Dual-Agent Deep Reinforcement Learning for Low-Carbon Economic Dispatch in Wind-Integrated Microgrids Based on Carbon Emission Flow

High renewable penetration in microgrids makes low-carbon economic dispatch under uncertainty challenging, and single-agent deep reinforcement learning (DRL) often yields unstable cost–emission trade-offs. This study proposes a dual-agent DRL framework that explicitly balances operational economy and environmental sustainability. A Proximal Policy Optimization (PPO) agent focuses on minimizing operating cost, while a Soft Actor–Critic (SAC) agent targets carbon emission reduction; their actions are combined through an adaptive weighting strategy.
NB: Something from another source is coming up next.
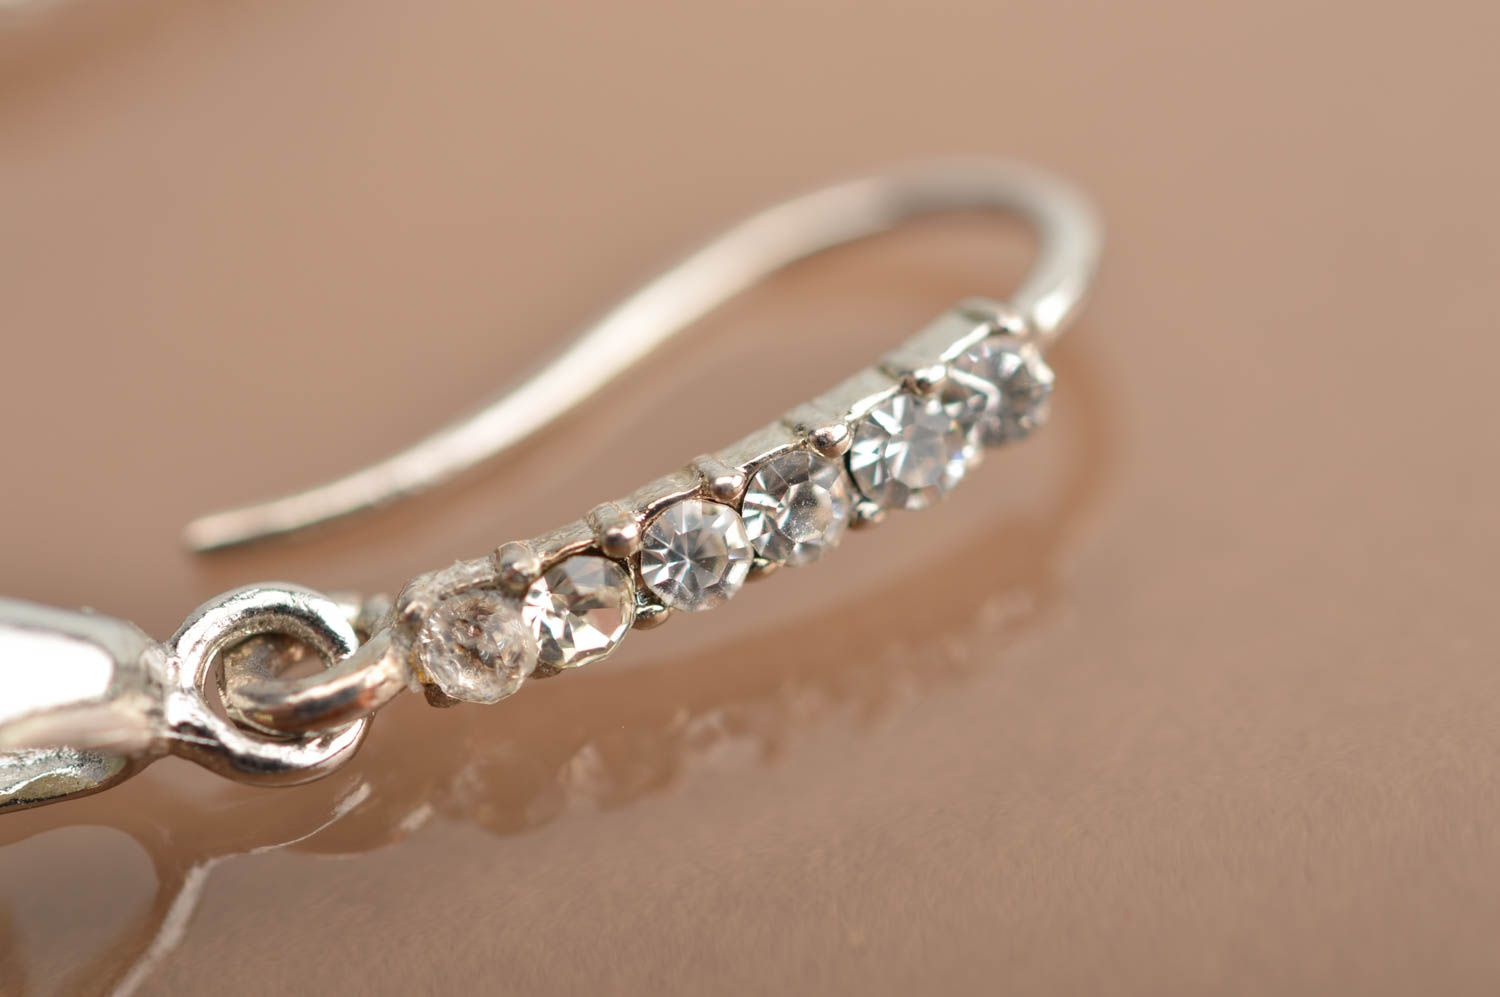 Handmade jewelry Austrian crystals earrings  teardrop - shaped accessories photo 4

The framework is supported by carbon emission flow (CEF) theory, which enables network-level tracing of carbon flows, and a stepped carbon pricing mechanism that internalizes dynamic carbon costs. Demand response (DR) is incorporated to enhance operational flexibility. The dispatch problem is formulated as a Markov Decision Process, allowing the dual-agent system to learn policies through interaction with the environment. Case studies on a modified PJM 5-bus test system show that, compared with a Deep Deterministic Policy Gradient (DDPG) baseline, the proposed method reduces total operating cost, carbon emissions, and wind curtailment by 16.8%, 11.3%, and 15.2%, respectively. These results demonstrate that the proposed framework is an effective solution for economical and low-carbon operation in renewable-rich power systems.